Haiti, una crisi senza fine. La testimonianza di Suor Marcella Catozza

La Missionaria Francescana gestisce il Vilaj Italyen di Porte au Prince con l’aiuto di Agata Smeralda

Suor Marcella Catozza

Suor Marcella Catozza

«Sono ormai dieci giorni che, a causa della violenza che sta accadendo nel paese, non possiamo lasciare la Kay Pè Giuss: scuole chiuse, mercati e negozi sbarrati, barricate di pneumatici infuocati in strada, pompe di benzina assaltate, automobili incendiate e spari». La Kay Pè Giuss è una casa di accoglienza che ospita circa 140 bambini che si trova all’interno del Vilaj Italyen di Porte au Prince, ad Haiti. A descrivere la situazione è Suor Marcella Catozza (nella foto), Missionaria Francescana che gestisce il villaggio e porta avanti progetti benefici, sostenuti ogni mese da Agata Smeralda. «La città brucia, direbbe Nerone. Il paese è nel caos, dico io – prosegue Suor Marcella -. E mentre da voi i pastori rovesciano a terra ettolitri di latte noi non ce l’abbiamo, come non abbiamo pane, verdura, frutta... cominciano a scarseggiare i beni di prima necessità».

Come spiega la religiosa, il gourdes, la moneta locale, va a picco ogni giorno di più. Il costo della farina è triplicato, le attività chiudono e chi rimane aperto deve aumentare i prezzi. È difficile trovare anche il riso, perché gli importatori si sono bloccati: l’insicurezza del paese ha fatto rallentare le importazioni e l’annullamento delle franchigie doganali ha fatto il resto. La violenza è esplosa ovunque. «Noi stiamo bene e la Kay è come sempre piena di allegria, di vita e colori – spiega la religiosa -. Ieri pomeriggio abbiamo finito l’acqua non potabile... storia vecchia, ci siamo abituati ultimamente... ma senza cercare chissà quali aiuti, tanto abbiamo visto che non si muove nessuno. Ho chiamato Padre Rick con cui avevo lavorato i primi anni qui e che era venuto a trovarmi un po’ di tempo fa proprio per sapere come andavano le cose qui da noi. Mi aveva detto di chiamarlo se mi fosse servito aiuto e così... eccomi... e ovviamente oggi ci ha portato due camion di acqua, mettendoci ore per arrivare, contrattando a ogni barricata per farsi aprire, mettendo in campo i suoi boys e riuscendo a passare incolume con la sua colonna di mezzi. Due camion di acqua: uno per noi ed uno per la gente di Waf che, come noi, non sa più dove prenderla. E pochi minuti fa ce ne ha mandato un altro. Domani finiremo l’acqua potabile e vediamo come il buon Dio arriverà in nostro aiuto, che volto assumerà domani!»

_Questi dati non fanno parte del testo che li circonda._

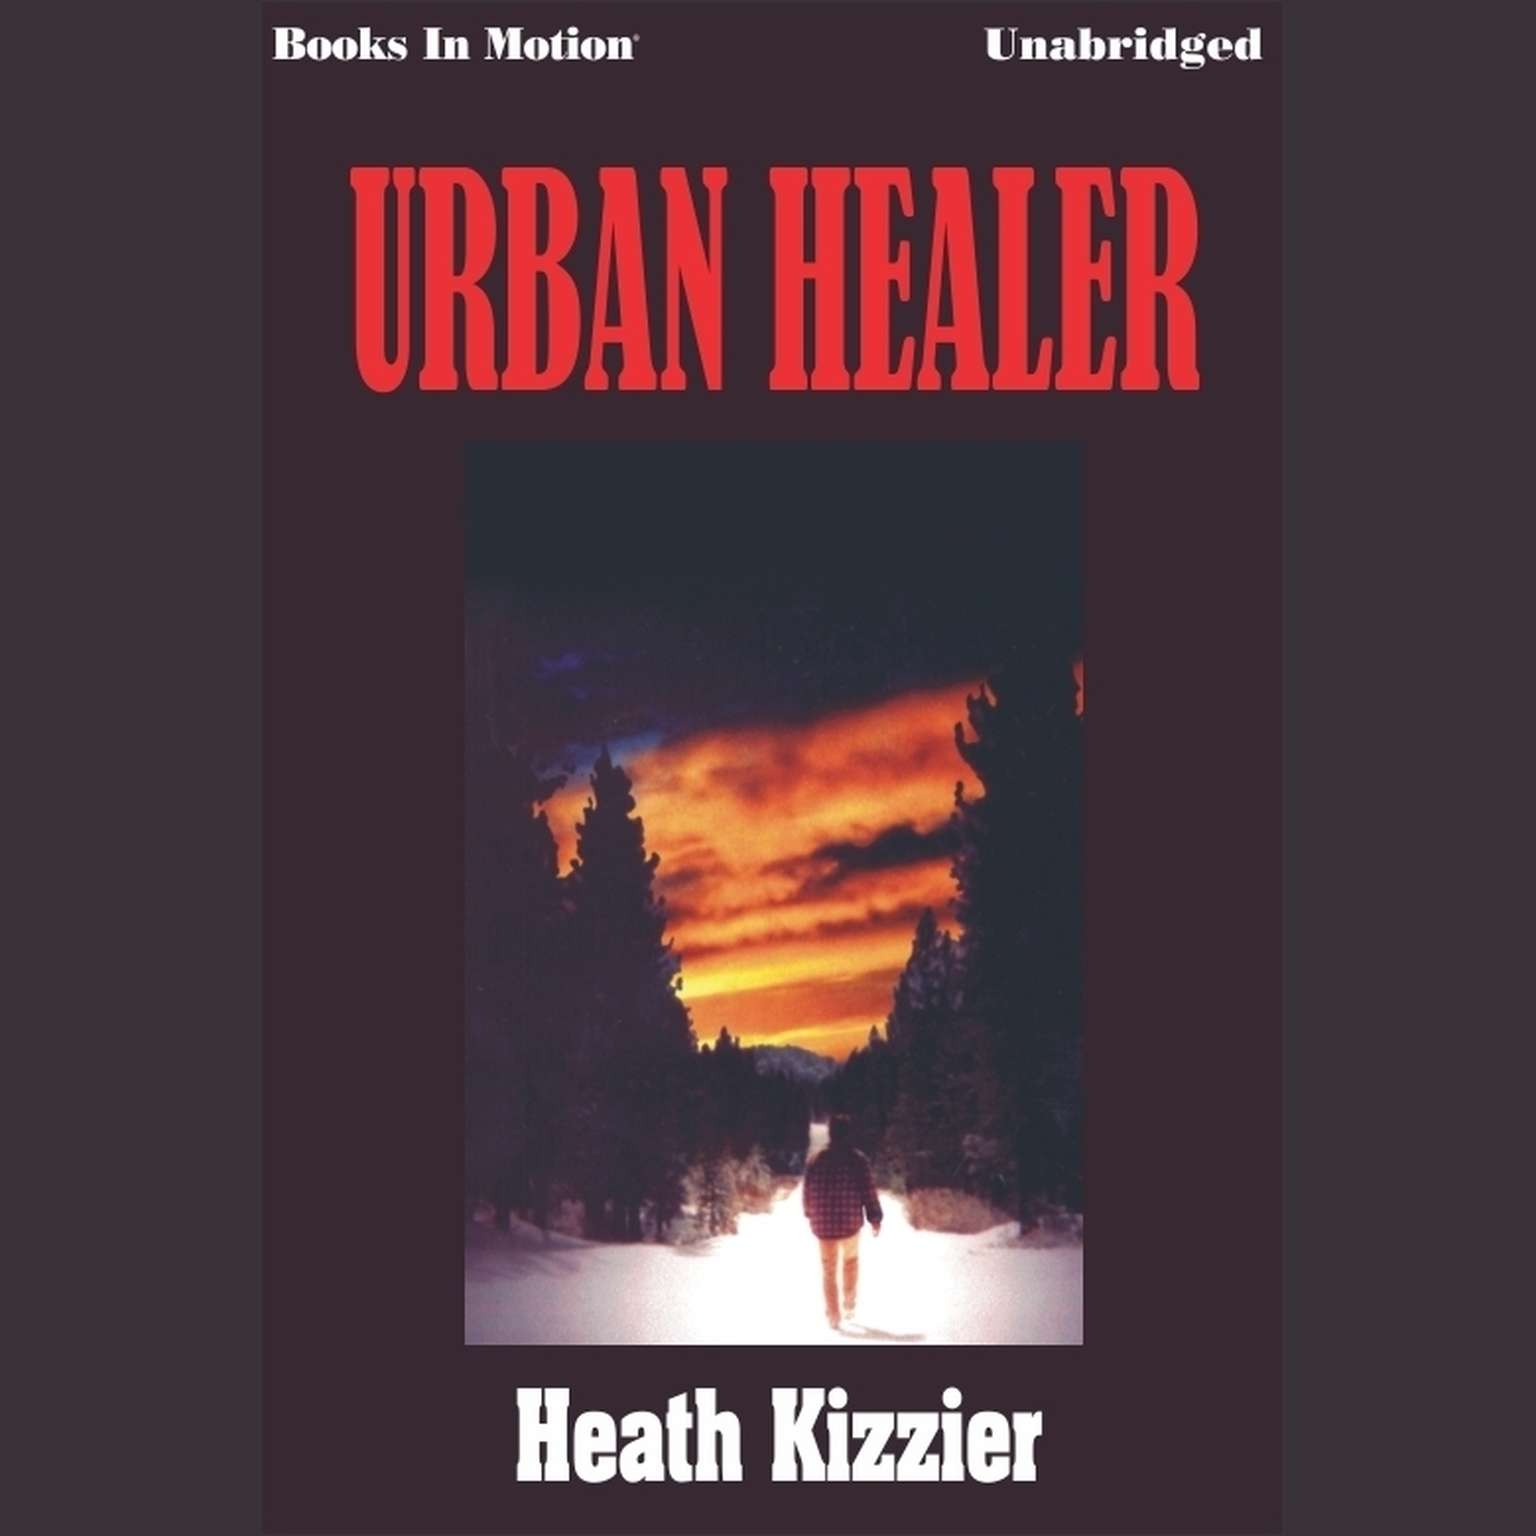 Urban Healer Audiobook, by Heath Kizzier

La situazione è pesante, spiega Suor Marcella: basti pensare che è stato proclamato il ‘lok pey’, il blocco del paese. «Vogliono portare un milione di haitiani in strada a manifestare e, se le cose resteranno così, la gente scenderà sì in strada per fame e per sete - spiega Suor Marcella -. In tutto questo la nostra partenza dal Paese sarebbe impossibile in quanto non ce la faremmo a raggiungere l’aeroporto. Purtroppo il vero problema non è questo, ma piuttosto quello che ci sono stati rifiutati i visti purtroppo di tutti i tipi, sia turistici che di studio, finanche per i due quattordicenni per i quali eravamo davvero sicuri di poterli avere. Come a Monopoli, quindi, si riparte dal via senza paura, senza scoraggiamenti, senza lamentele, certi che chi compie i disegni è il Buon Dio e si tratta sempre di disegni buoni».

Nessuno si arrende. Da Haiti sono in contatto con il Viminale per capire come possa essere creato un corridoio umanitario che permetta la partenza dei bambini. «A Roma hanno mostrato di volerci aiutare davvero e stanno tutti sostenendo questa nostra partenza. Cambieranno i tempi certamente, ma l’attesa ci renderà più forti e certi, perché renderà sempre più evidenti le ragioni e l’amicizia che le sostiene e i nostri bambini impareranno che nella vita bisogna lottare per ciò in cui si crede».